Dengan adanya prinsip transparansi maka masyarakat dapat mengetahui sejauh mana upaya yang telah dilakukan pemerintah (daerah) dalam melakukan pembangunan di daerahnya. Masyarakat dapat mengetahui secara rinci penggunaan uang rakyat, kebijakan-kebijakan apa yang telah dilaksanakan Kepala Daerah (yang kemaren mereka pilih langsung) dalam memenuhi janji pada saat kampanye Pilkada. Atau sejauh mana peranan Anggota DPRD dalam memperjuangkan Aspirasi masyarakat yang diwakilinya. Apakah APBD tersebut benar-benar berpihak kepada masyarakat (daerah) atau hanya untuk kepentingan Anggota DPRD dan Kepala Daerah beserta stafnya. Transparansi APBD dalam hubungannya dengan penyelenggaraan pemerintah daerah sangat perlu jadi perhatian karena menyangkut hajat hidup orang banyak dan hendaknya masyarakat sebagai stakeholders dilibatkan secara proposional.
Keterlibatan masyarakat sejak awal proses pembahasan, pengesahan, pemakaian hingga pertanggung jawaban APBD juga akan mengoptimalkan publik kontrol dan sosial kontrol terhadap penggunaan uang rakyat. Hal ini disamping untuk mewujudkan transparansi, partisipasi masyarakat juga akan sangat membantu Pemerintah Daerah dan DPRD dalam melahirkan APBD yang menampung aspirasi, memihak masyarakat dan accountable.
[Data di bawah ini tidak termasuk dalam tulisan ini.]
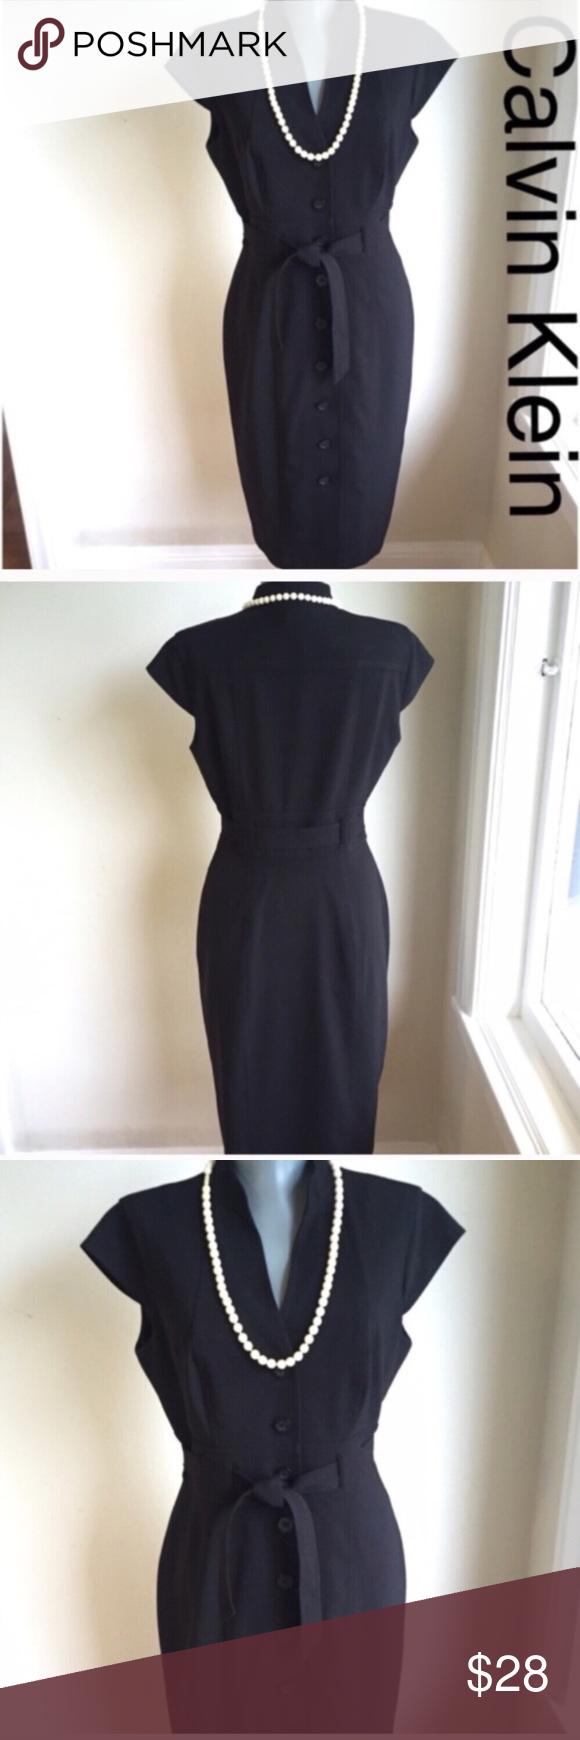 "Calvin Klein Black Dress. Timeless Sophistication. Calvin Klein Black Dress. Timeless Sophistication.  Flat lay measurements. Between under arms 15 1/2"".  Waist 26"". Hips 34"".  Very good condition.  Length 36"".  Gorgeous. Calvin Klein Dresses"

Transparansi harus dilakukan dalam pemberian informasi dan menerima masukan dari publik bukan sekedar ditampung, dicatat lalu disimpan. Keterbukaan atas kekurangan dan kelemahan penyelenggaraan pemerintahan juga harus disampaikan kepada publik tanpa harus berkelit dengan alasan ini rahasia. Dengan akses yang terbuka, mudah dan tidak berbelit terhadap APBD partisipasi masyarakat dalam menentukan dan mengawasi kebijakan yang menyangkut publik dapat terlaksana, upaya penegakan hukum akan mendapat dukungan luas dan hal itu sekaligus akan memberikan legitimasi yang kuat terhadap otoritas di daerah. Jika sudah demikian maka orang-orang yang terjangkit virus koruptor akan kesulitan melakukan aksinya. Semoga!